Close: stealing is when you take something away from its rightful owner. The fact that the rightful owner is deprived of the stolen item is what makes stealing wrong in the first place; any form of “stealing” that doesn’t include that element is not wrong, and can hardly be equated to actual theft.
Nope. See, in that situation, you’re using up a finite resource - the barber’s time. The time he spends cutting your hair is time he can’t spend cutting the hair of someone who will actually pay.

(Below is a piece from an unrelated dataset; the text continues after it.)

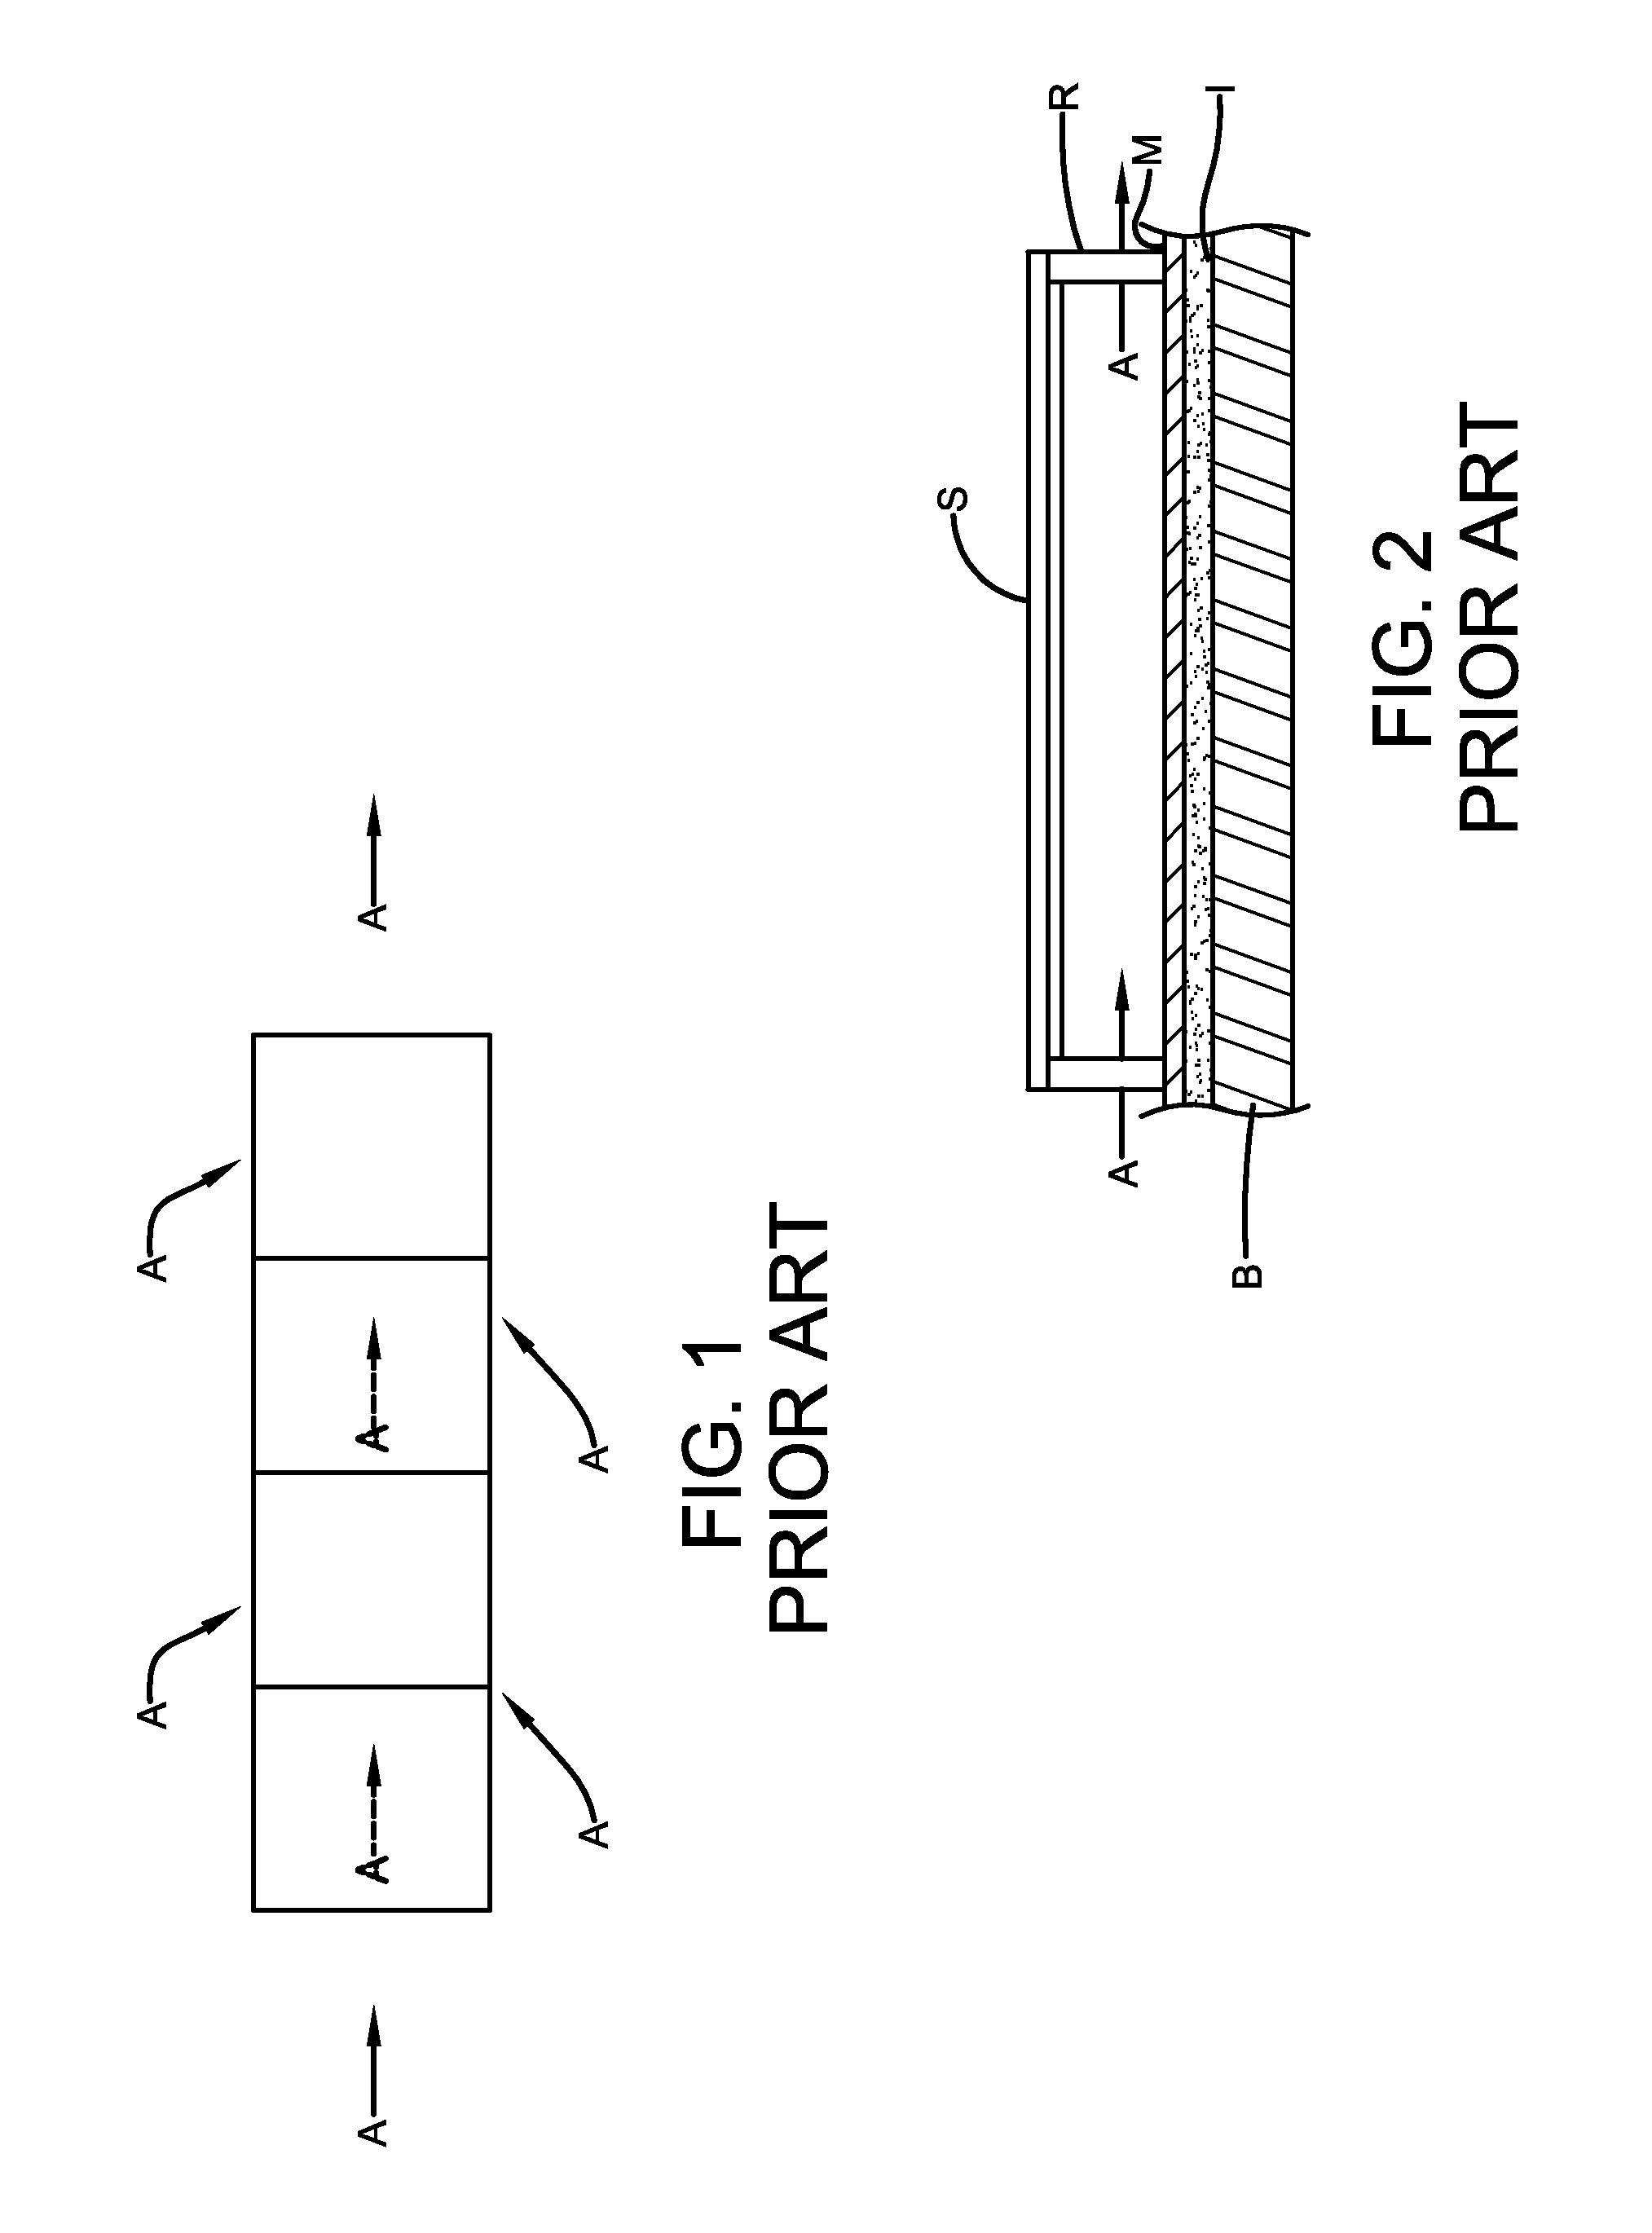 Solar panel assembly with movable barriers

Copying a file, on the other hand, does not depend on the original author to contribute time, labor, or supplies. If I burn a copy of “Oops! I Did It Again”, that doesn’t take up any more of Britney’s time. All the labor she put into writing and recording that song was performed years ago.
Again, if you do that, the carpenter has lost the labor he put into making it, as well as the lumber. If the same were true of information, I’d agree with you, but it isn’t.
I’ve said no such thing.
Truly a pathetic tactic: post something inflammatory and false, then immediately follow it with “oh, but I know you’re just going to deny this and attack me for saying it”. What else would you, or anyone, expect to happen when you’ve lied about what I’ve written and made insulting claims about my motivation?
Nor do I hope to. In fact, I’ve never made that argument. Can you say “strawman”?
It is for me.
Heh. If an American told you “Germany’s hate speech laws really don’t seem compatible with freedom of speech”, would you say “Actually, those laws only affect German citizens; they don’t affect your First Amendment rights here in the US”?
I can’t believe you’re serious here, but I’ll humor you anyway: No, friend begbert2, when I say copyright is a restriction on freedom of speech, I don’t mean that I think it’s unconstitutional. The concept of free speech does not start and stop with the First Amendment, or the corresponding laws in any other country.
I mean that copyright restricts what you can say, print, and distribute. There are a few purposes for which such restrictions are justified, such as public safety, national security, and personal privacy, but IMO putting a buck in someone’s pocket isn’t one of them. I believe copyright infringes on free speech for no more noble purpose than to generate a profit, and therefore copyright supporters are quite literally selling out their freedom of speech (and mine).
Indeed. There are also things that are moral to say, but not legal to say - for example, copyrighted things, when you don’t have the permission of the copyright holder.
Is it wrong to sneak into a movie without paying? After all, the theater is going to run the projector even if the seats are mostly empty, so you’re not actually depriving them of anything, right?
Well, I sure wouldn’t call it stealing, since you aren’t taking the theater anywhere. It’s trespassing, which is wrong for essentially the same reason.
The theater owner has the right to decide whether you can be on his property, because your presence limits the ways he can use it: just like you can’t drive my car to Chicago if I want to drive it to Seattle at the same time, you can’t be in my closet if I want to spray it for bugs, and you can’t occupy a seat in the theater if the owner wants to fill all the unsold seats with kids from the local orphanage instead. There’s only one “copy” of the theater, so someone has to have exclusive control over it, and that person is the owner. (Whether he actually plans to use your seat for something else is beside the point, which is that by being there, you’re limiting the possible uses of his property.)